- Developer: Daybreak Game Company
- Publisher: Daybreak Game Company
- Producer: Chris Wynn
- Designer: Ben Jones
- Composer: Cris Velasco
- Engine: ForgeLight
- Platform: Windows
- Release: Cancelled
- Genres: Massively multiplayer online, survival
- Mode: Multiplayer

= Just Survive =

2015 video game

Just Survive was a survival massively multiplayer online game by Daybreak Game Company for Windows. The game, originally known as H1Z1 and later as H1Z1: Just Survive, is set during a zombie apocalypse in a rural area of the United States. In it, players attempt to survive against the natural elements such as wolves and bears, hordes of zombies, and thousands of potentially hostile survivors through interaction, scavenging for resources, building shelters, and crafting. The game was released in early access in January 2015, selling over a million copies within two months, before being discontinued in October 2018.

== Gameplay ==
The gameplay of Just Survive emphasized multiplayer cooperation, trading, and team-building. Players scavenge supplies, craft items, and build strongholds to defend against the zombie horde.
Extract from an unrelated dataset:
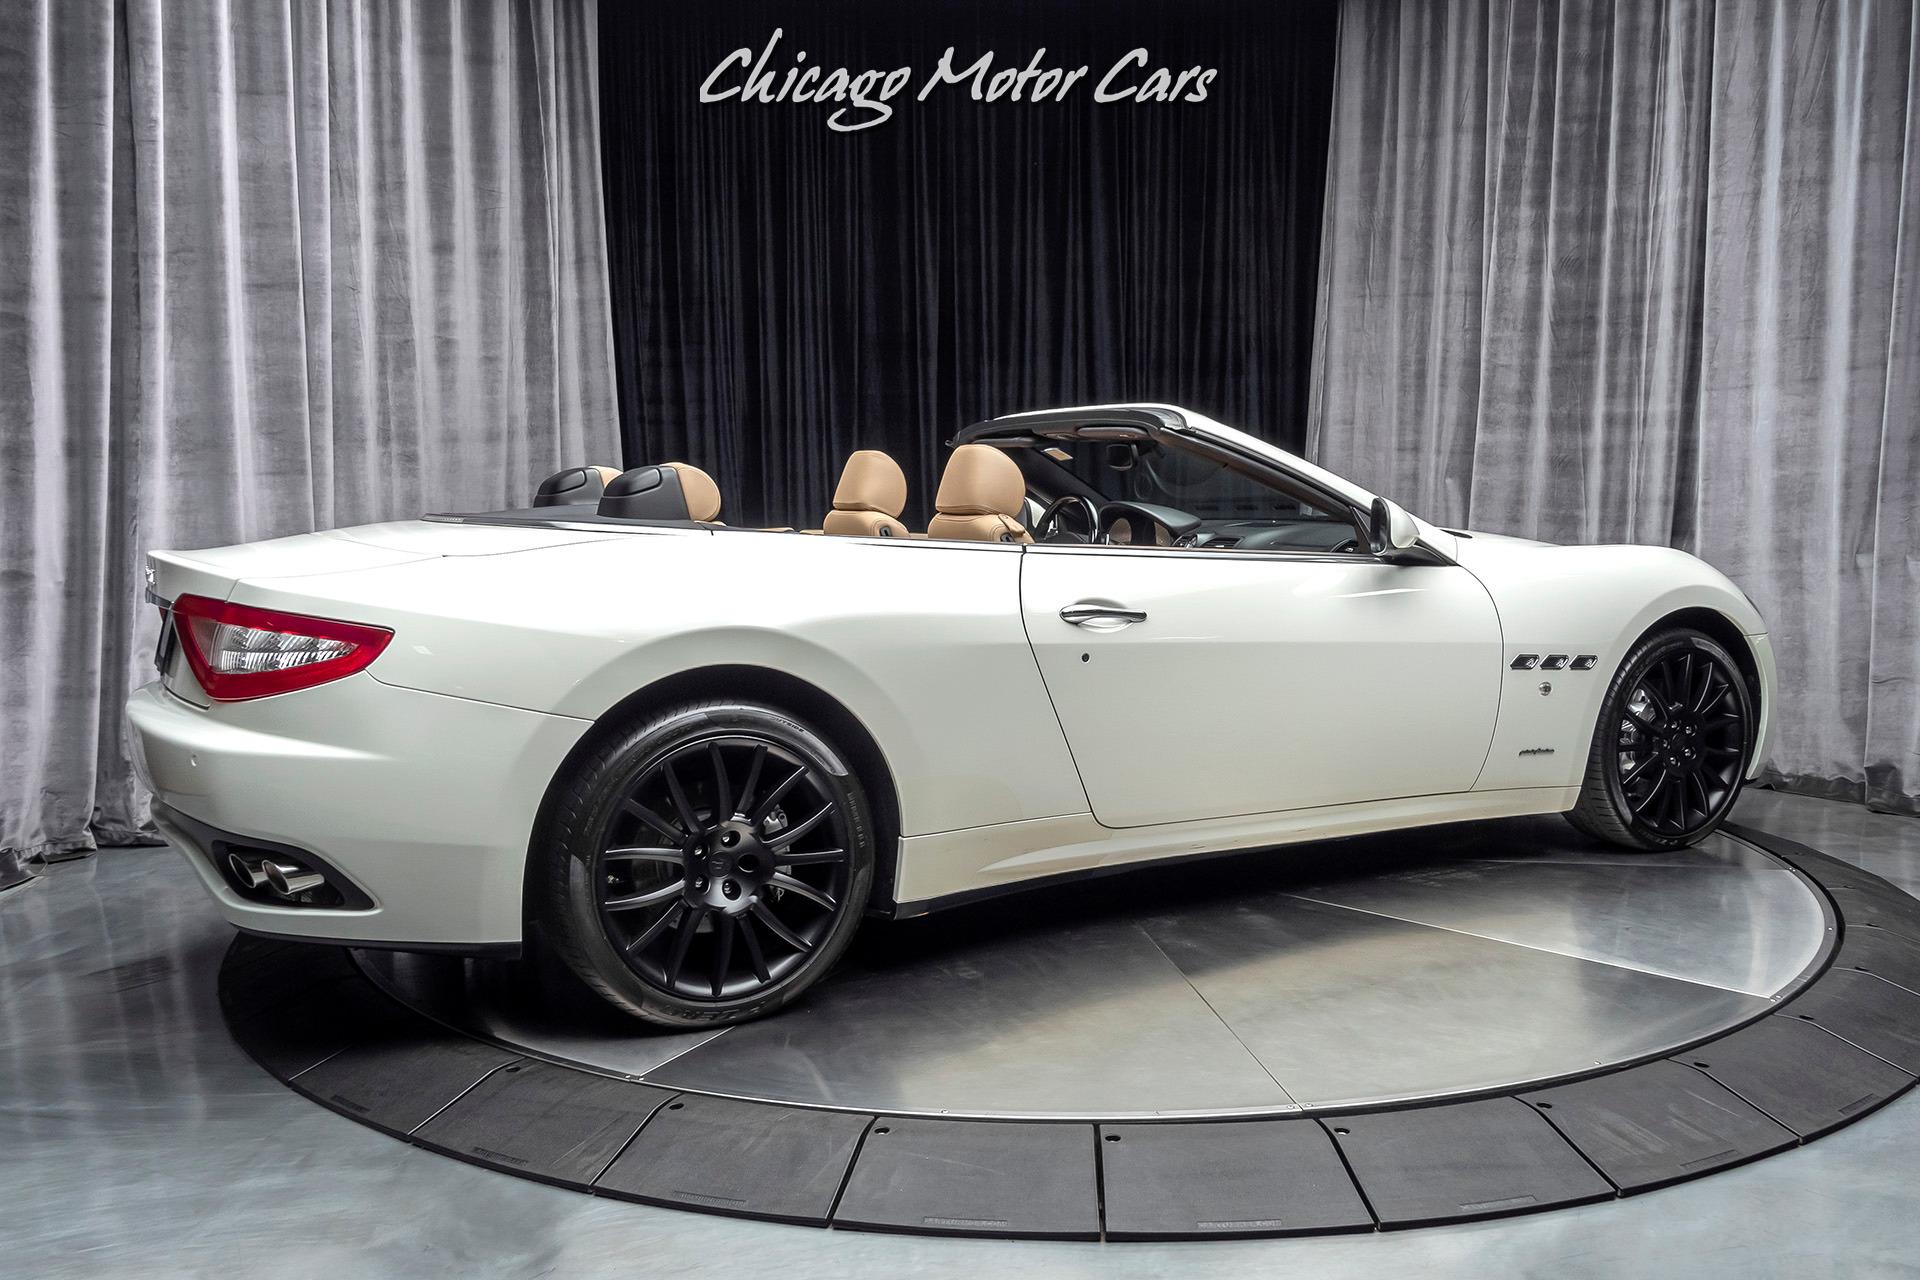 Used-2013-Maserati-GranTurismo-Convertible-16K-MILES-20-INCH-TRIDENT-WHEELS-GLOSS-BLACK-TRIM
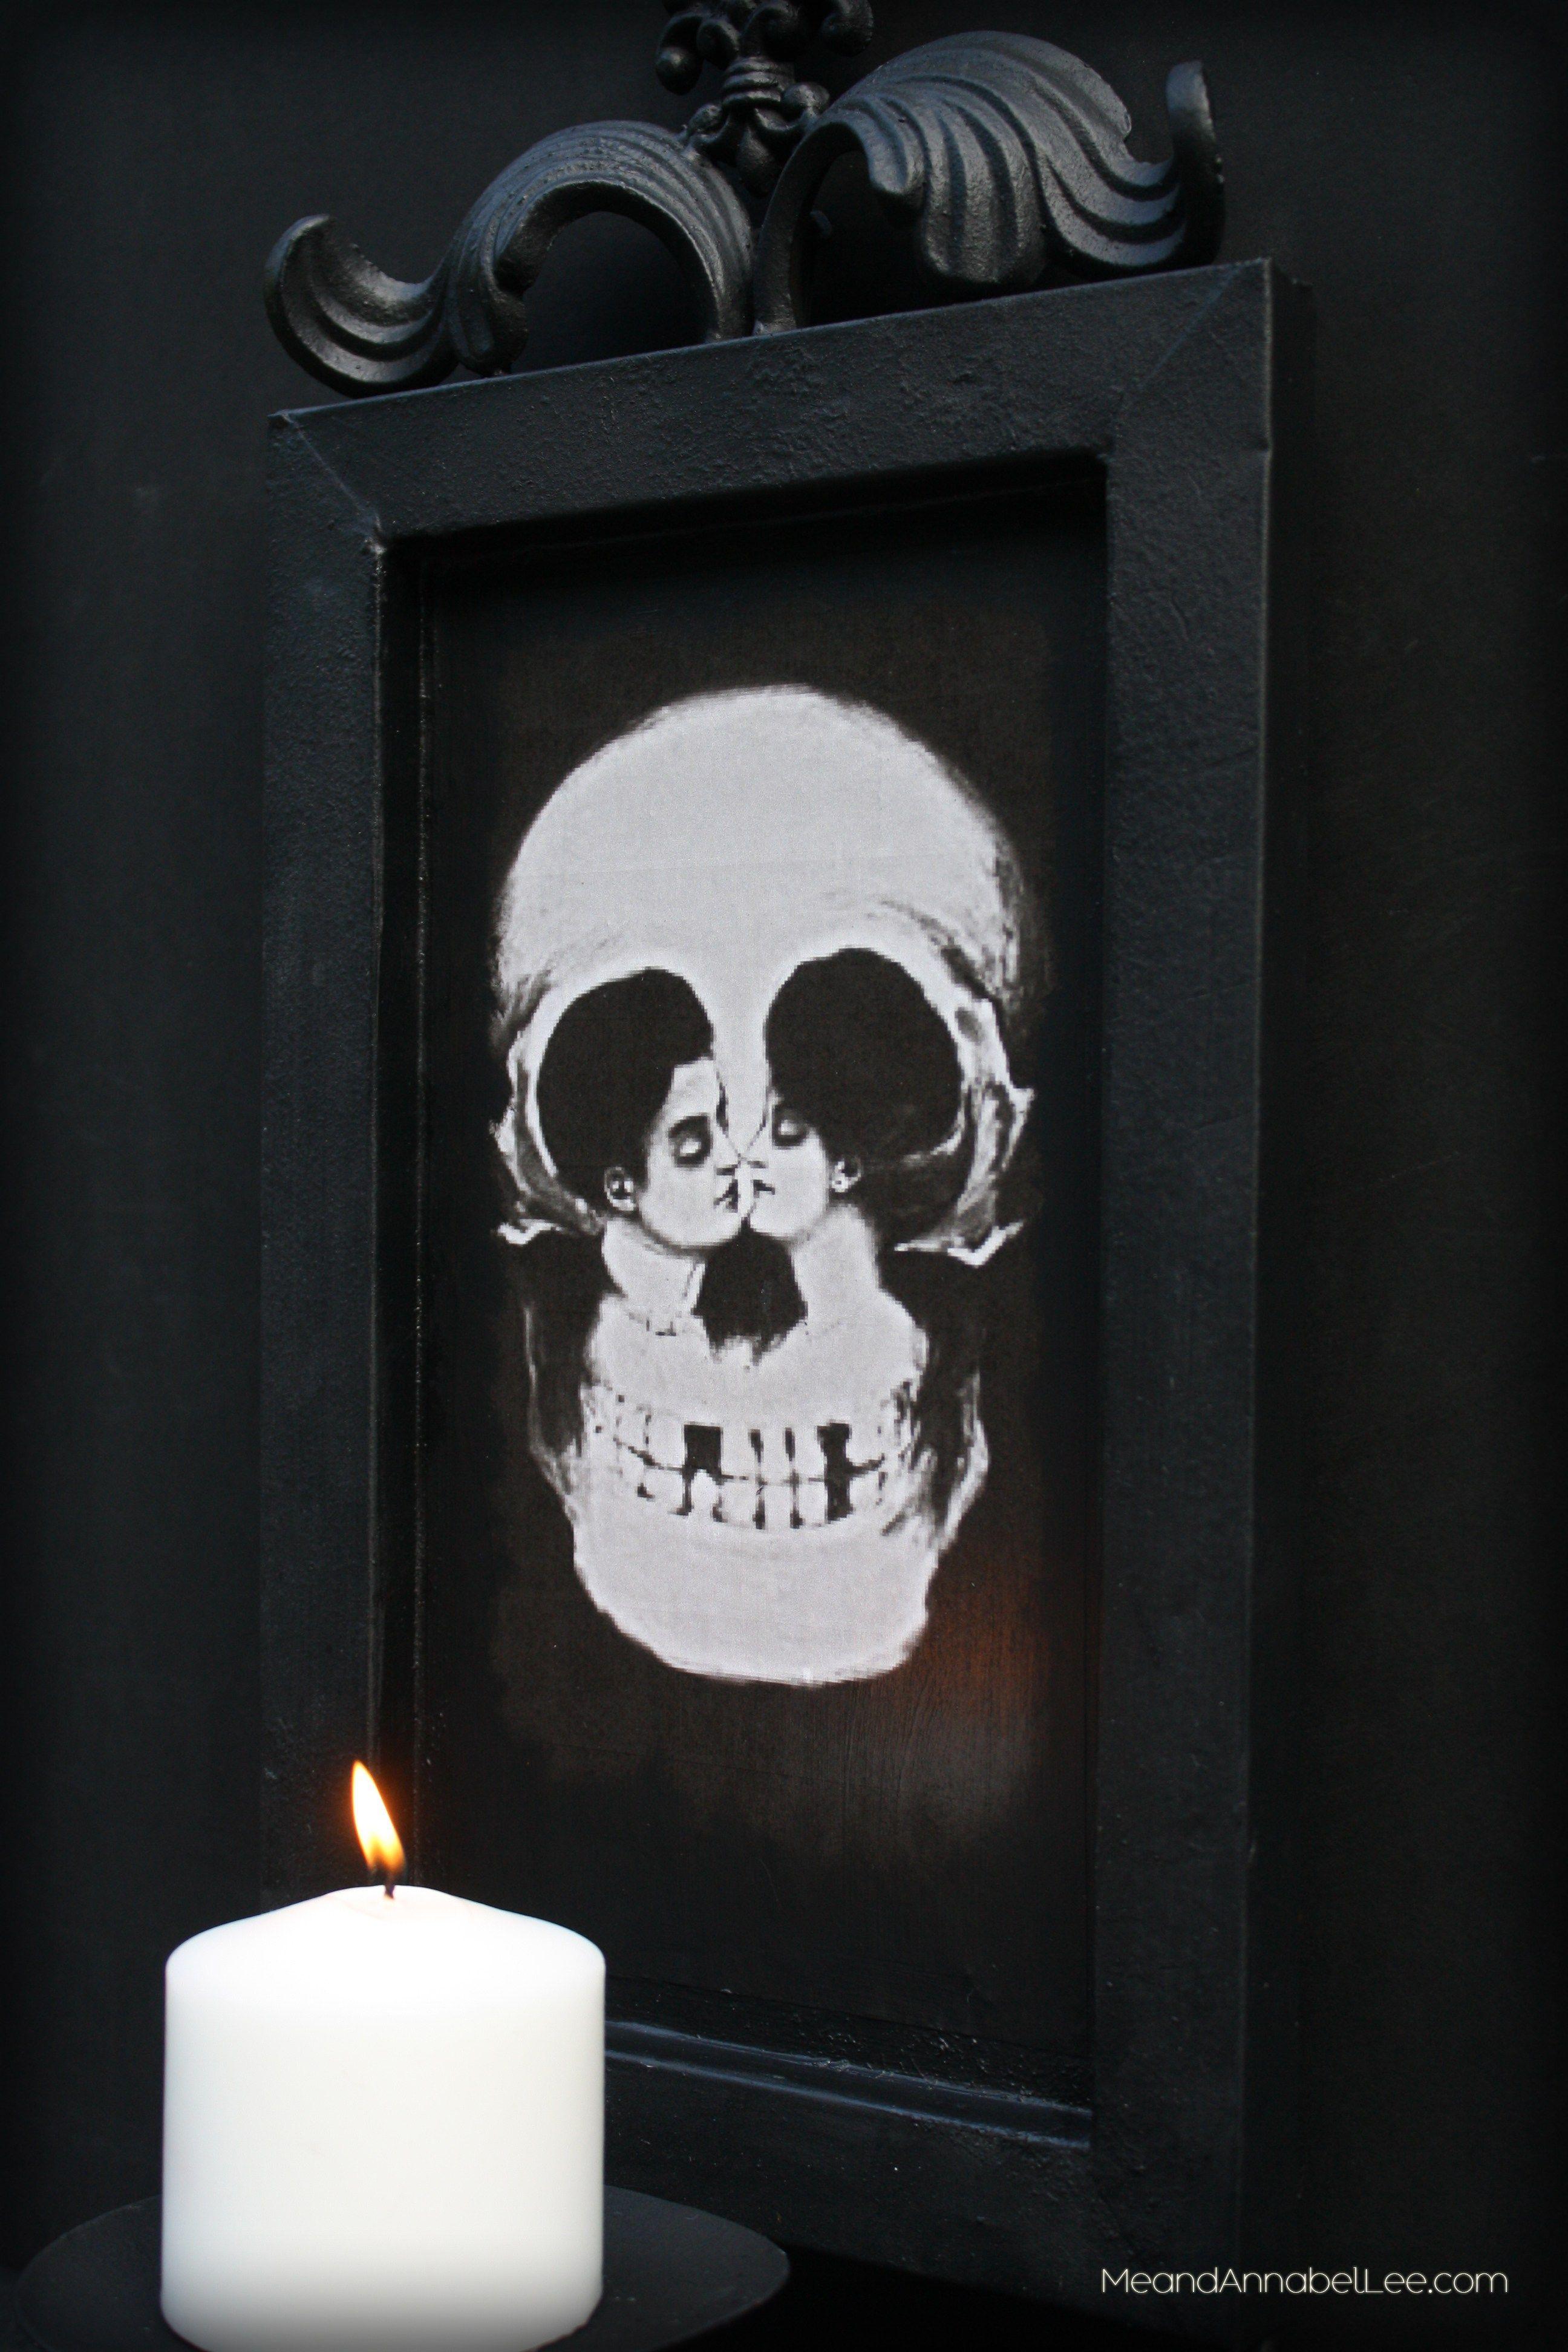 Metamorphic skull art transfer an image to metal using mod podge

The main focus of the game involved surviving against zombies through teamwork with other players, rather than having a player versus player (PvP) environment with zombies as a backdrop.

== Release ==
The game was released for Windows via Steam as an early access title on January 15, 2015. The game suffered from several issues at launch. A short-lived bug that crashed the game's servers was also introduced through a patch meant to fix other problems. The game sold over a million copies within two months.

In 2016, the game, originally known as simply H1Z1, was split into two separate projects with their own dedicated development teams, subtitled Just Survive and King of the Kill. In August 2017, the game's title dropped the H1Z1 brand name, becoming simply Just Survive. In 2018, the game was delisted from the Steam store on August 26, and its servers shut down on October 24.